The first line creates an object of type point, and the other two lines set the point's x and y values. Note that constructor operators do not have to be nullary, they can take one or two arguments that are used to initialize the new object.

`#op newpoint binary`

xx newpoint yy { x: aNumber ; y: aNumber ; x = xx ; y = yy ; true }

Finally, note that our object constructing rules all return true. Instead, we can apply constraints to datatypes. For example, we could specify a constructor for a point that lies in the first quadrant, by replacing the final "true" with the expression "x > 0 & y > 0".

A Bertrand program consists of two things: a set of rules that define a constraint solver, and a set of constraints that is solved.
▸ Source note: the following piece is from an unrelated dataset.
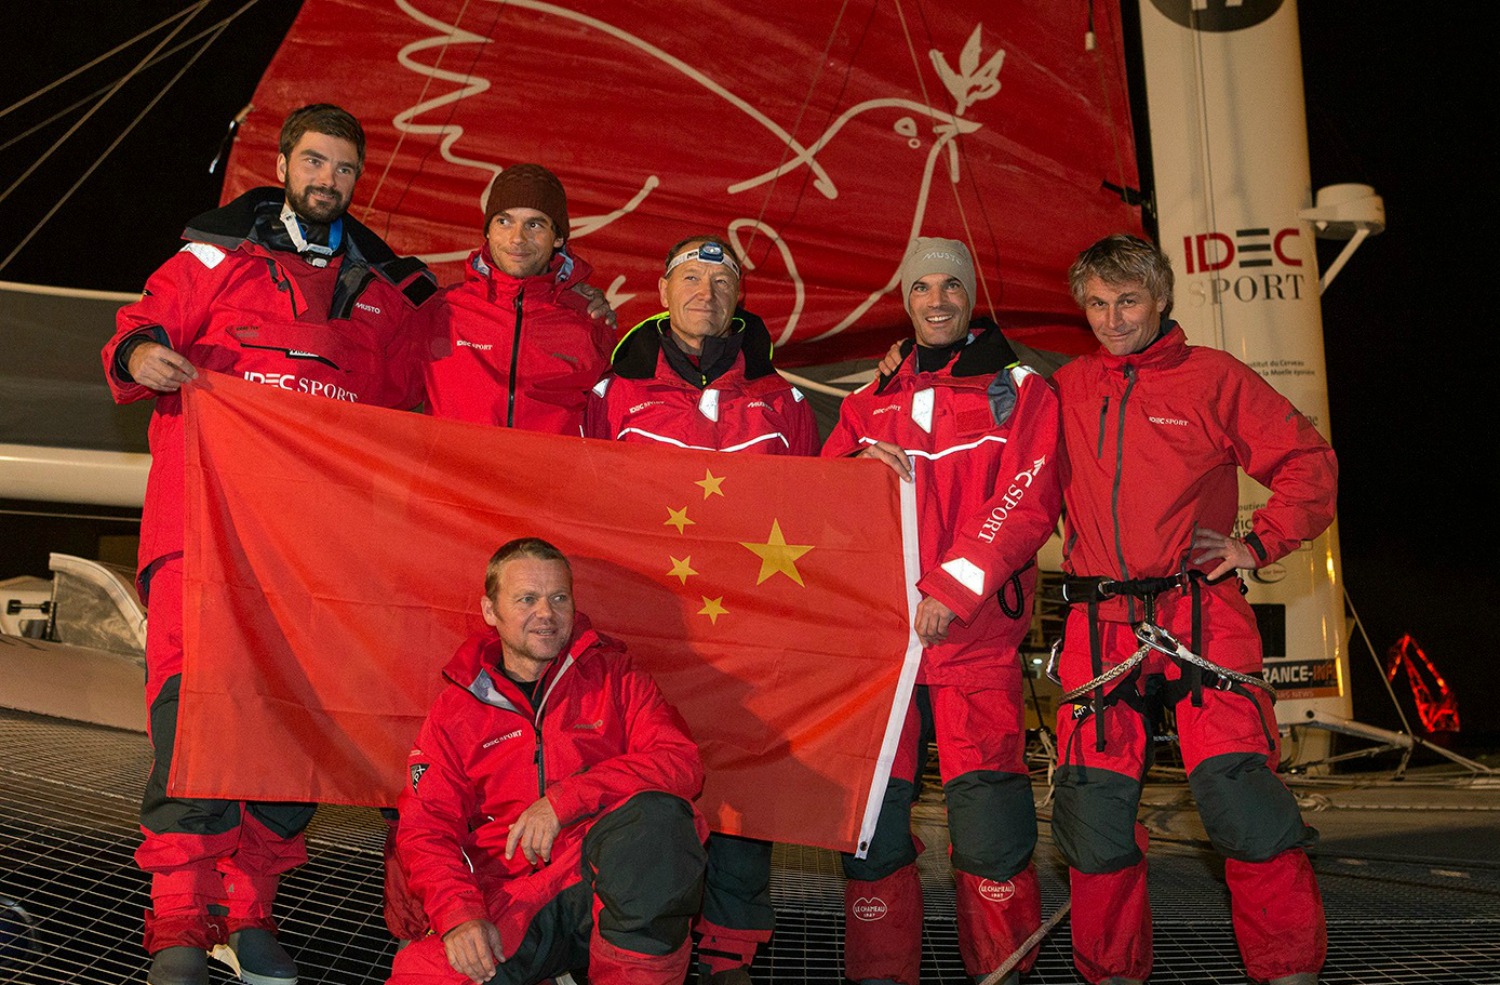 La tripulación del IDEC Sport en Brest, minutos antes de zarpar, rindiendo homenaje al navegante chino Guo Chuan, recientemente desaparecido mientras intentaba el Record entre San Francisco y Pekín.

Bertrand merges these two sets using the common trick of having a special rule whose head is the single operator "main". We saw an example of this in the section on types. Initially, Bertrand is given a set of rules, and the set of constraints is a single constraint containing the "main" operator. This single constraint matches the rule whose head is "main" and replaces the set of constraints with the body of that rule.
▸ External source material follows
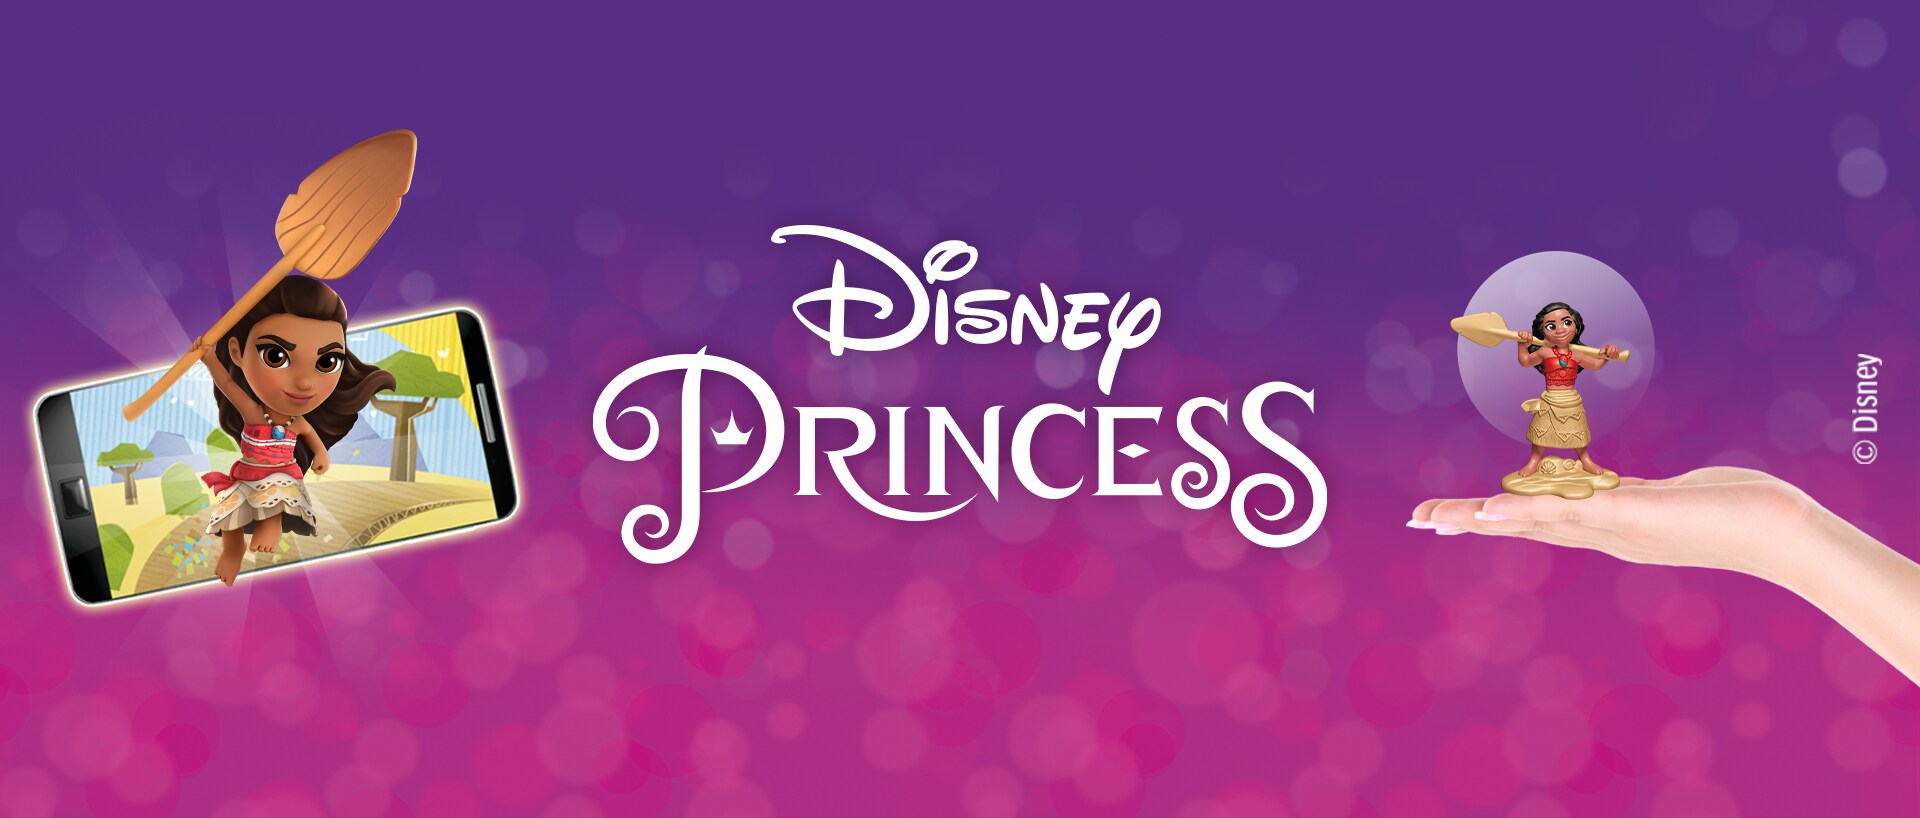 Princesas Disney. P de Princesa. Descubre las letras de la A a la

In Bertrand, the set of constraints is written as a single expression. Individual constraints are typically separated by the semicolon operator (which really is an operator, not a statement terminator as in C or a statement separator as in Pascal). So a typical set of constraints will look like:

*constraint1* ; *constraint2* ; *constraint3* ; *result*

For example,

`F = (1.8 * C) + 32 ; F = C ; C`

which contains two constraints and whose result is the value of C. Again, there is nothing special about the semicolon operator, the above program is completely equivalent to

`F = (1.8 * C) + 32 & F = C ; C`

Here the two constraints are separated by the AND operator instead of the semicolon.

The purpose of rules in Bertrand is to solve a set of constraints. So in general, when you write rules, the rules should simplify the constraints. The main way to do this is to convert the constraint expression into a **normal form**. For example, the simultaneous equation solver puts equations into a normal form called an **ordered linear expression**. Look at the rules in beep to see how Bertrand does this.

A simpler example are the rules for Boolean algebra (which are found in bops). The rules convert Boolean expressions into normal form by converting expressions containing the OR operator "|" into equivalent expressions containing only the AND "&" and NOT "~" operators.

Another thing to remember is to avoid writing rules that never terminate. For example, you might be tempted to write a rule that expresses that addition is commutative:

`a + b { b + a }`

But such a rule will continue matching forever. Instead, the equation solver in beep uses a trick that orders variable names lexicographically. Thus the expression z + p will be rewritten by beep to put the variable names in alphabetical order p + z (but p + z will never be rewritten into z + p). This allows the equation solver to put expressions into normal form using the associative property of addition, without getting into infinite loops.